I'm hoping as users push JAX on new applications, especially in simulation and
scientific computing, we'll learn a lot and be able to improve!

There's also "cross-country optimization" ([https://www-
sop.inria.fr/tropics/slides/EdfCea05.pdf](https://www-
sop.inria.fr/tropics/slides/EdfCea05.pdf)) for mixing some forward-mode into
reverse-mode to improve memory efficiency. Analogously to jax.checkpoint,
we've only experimented with exposing that manually (in jax.jarrett, named
because of
[https://arxiv.org/abs/1810.08297](https://arxiv.org/abs/1810.08297)), and
even then only for a special case. There's a lot to learn about, experiment
with, and build!

------
kragen
This is a very interesting article, with much better illustrations and deeper
investigation than the note on separable image filters I wrote in Dercuano.
And I didn't know about JAX, and it's very valuable to know about it now.
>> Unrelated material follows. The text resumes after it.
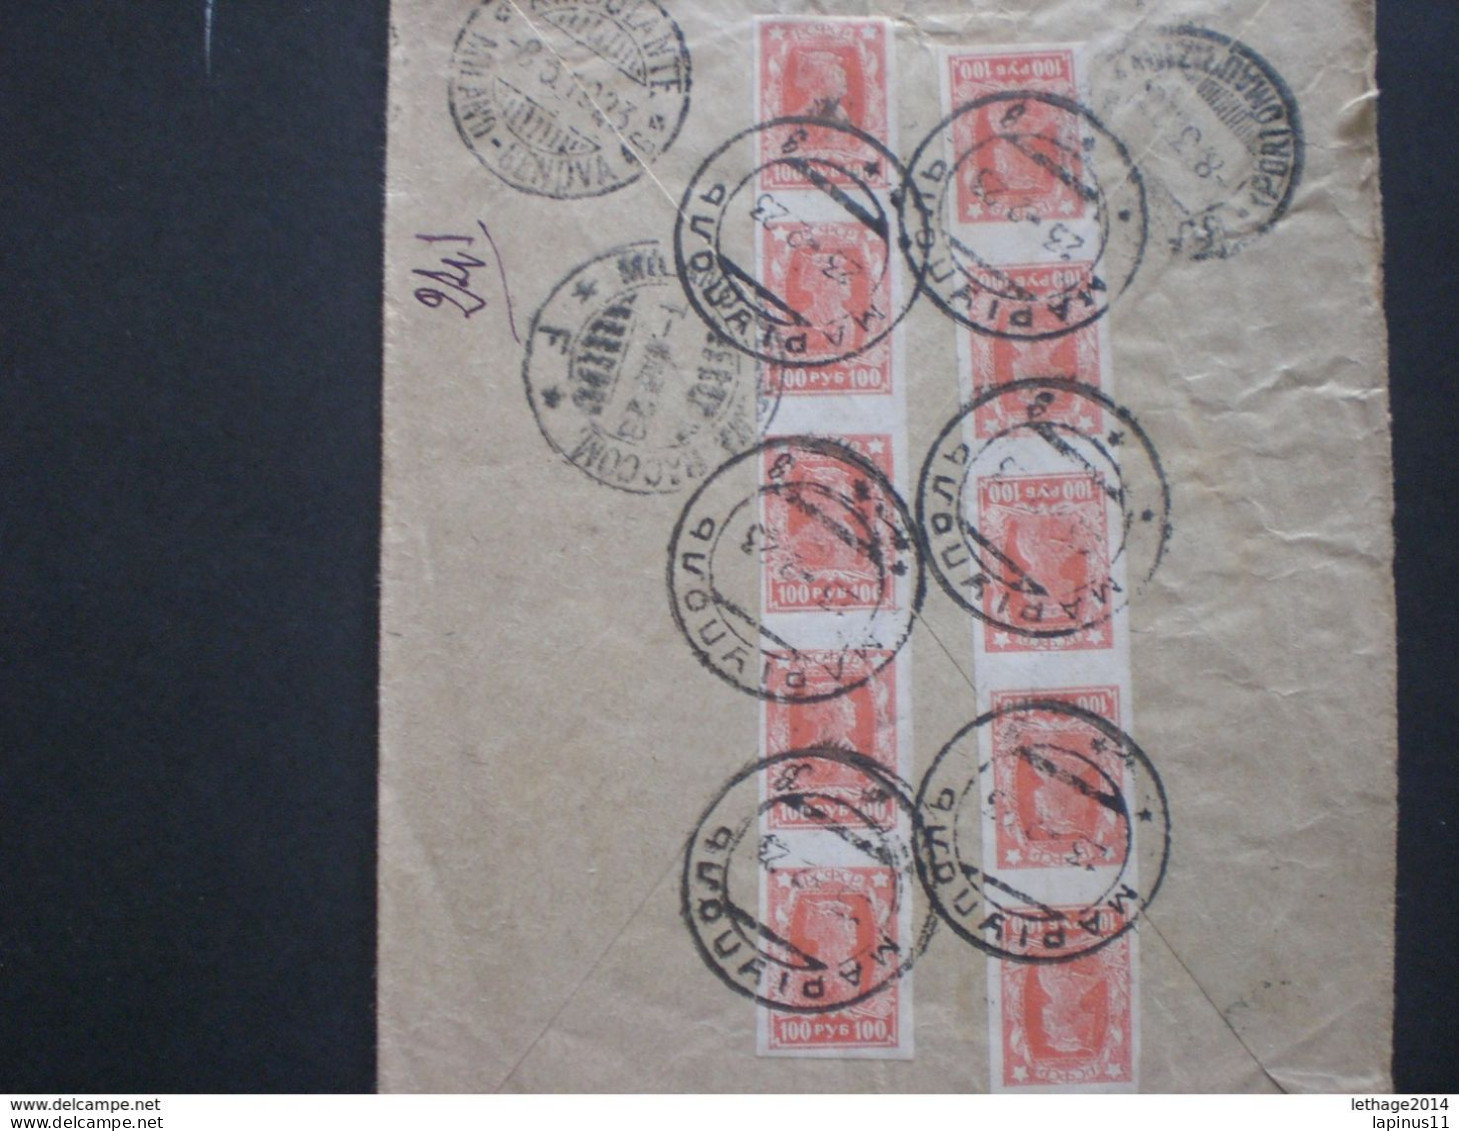 RUSSIA RUSSIE РОССИЯ STAMPS COVER 1923 REGISTER MAIL RUSSLAND TO ITALY OVER STAMPS RRR RIF. TAGG (178) - Briefe U. Dokumente

But
the article does have some errors.

The article says:

> _Optimization of arbitrary functions is generally a NP-hard problem (there
> are no solutions other than exploring every possible value, which is
> impossible in the case of continuous functions)_

It is true that optimization of arbitrary functions, or even many interesting
classes of functions, is NP-hard. However, the definition given of NP-hard is
incorrect, and in fact, on modern hardware, existing SMT solvers such as Z3
can solve substantial instances of many interesting NP-hard optimization
problems, precisely because they do _not_ explore every possible value.
Moreover, it is in general possible (but again NP-hard) to use interval
arithmetic to rigorously optimize functions on continuous domains (which seems
to be what is meant), as long as they are not too _dis_ continuous; the answer
you get is only an approximation of the true optimum, but you can calculate it
to any desired precision.

One particularly interesting class of optimization problems — because they are
_not_ NP-hard — are continuous _linear_ optimization problems, which can be
solved in guaranteed polynomial time using interior-point methods or usually
in polynomial time using the "simplex method". Contrary to what you'd think
from the quote from the article, going from continuous to discrete makes the
problem NP-hard again. There is also a note in Dercuano surveying the
landscape of existing software and methods for solving linear optimization
problems; there's a lot of very powerful stuff out there.

It turns out that you can efficiently solve an enormous range of practical
optimization problems by introducing a small number of discrete variables into
a linear optimization problem, thus gaining most of the performance benefit of
using a linear optimizer. I don't know if there's a way to get a reasonable
perceptual result in a case like this with a linear optimizer, though.

> _This is where various auto-differentiation libraries can help us. Given
> some function, we can compute its gradient / derivative with regards to some
> variables completely automatically! This can be achieved either
> symbolically, or in some cases even numerically if closed-form gradient
> would be impossible to compute._

Automatic differentiation is a specific approach to differentiation which is
an _alternative_ to symbolic differentiation and the older kind of numerical
differentiation. What JAX does is automatic differentiation.